— Description of the task —
Pictures are to be left out. Return exactly the lines below from the one with "WITH REMOTE CONTROL" up to and including the one with "the green and black plaid blanket".

— Dataset records —
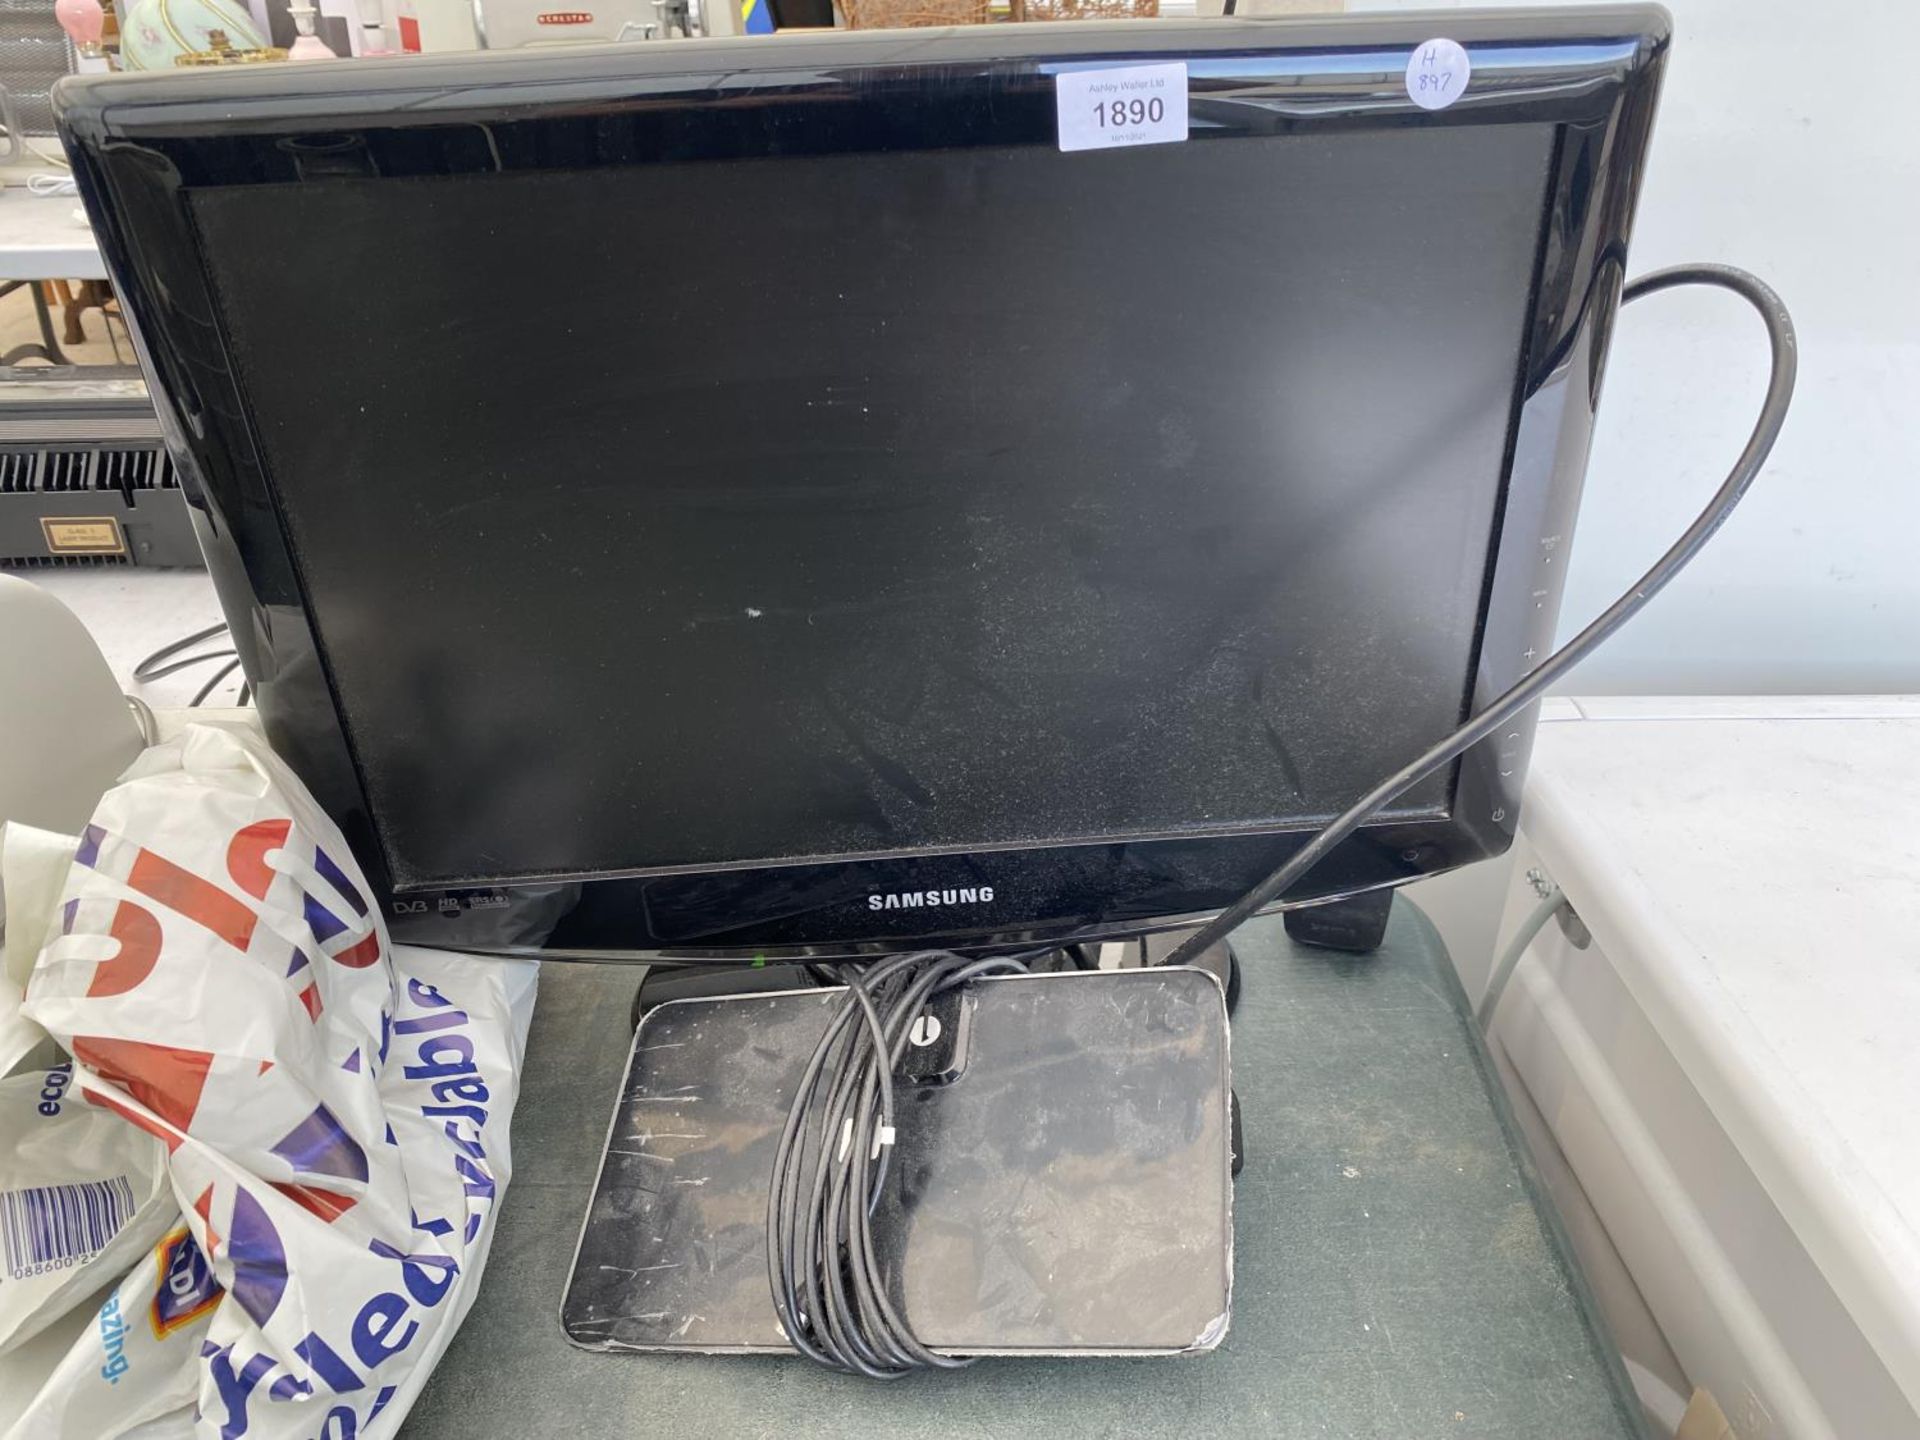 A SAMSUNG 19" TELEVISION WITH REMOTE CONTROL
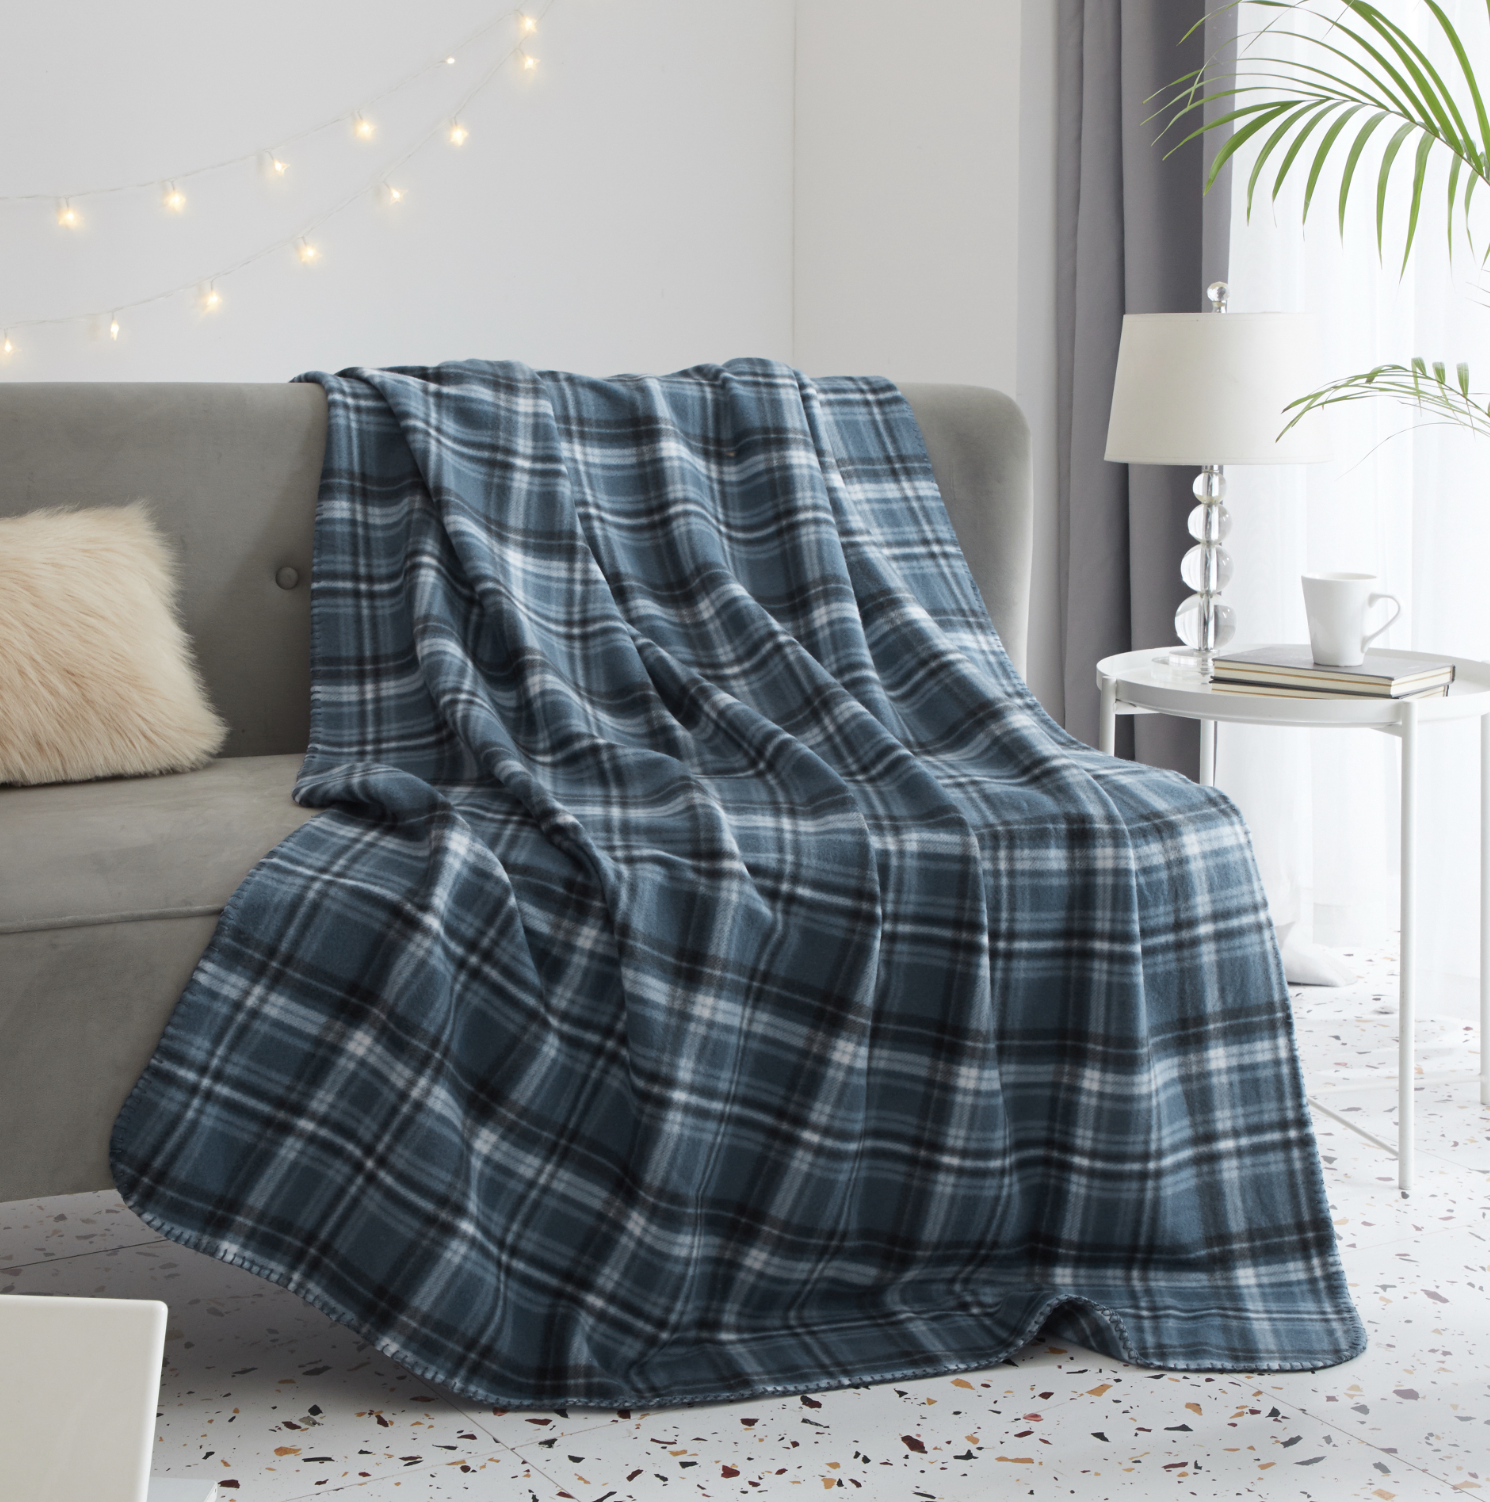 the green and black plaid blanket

--

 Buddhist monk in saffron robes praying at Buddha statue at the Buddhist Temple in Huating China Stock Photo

— Answer section —
 A SAMSUNG 19" TELEVISION WITH REMOTE CONTROL
 the green and black plaid blanket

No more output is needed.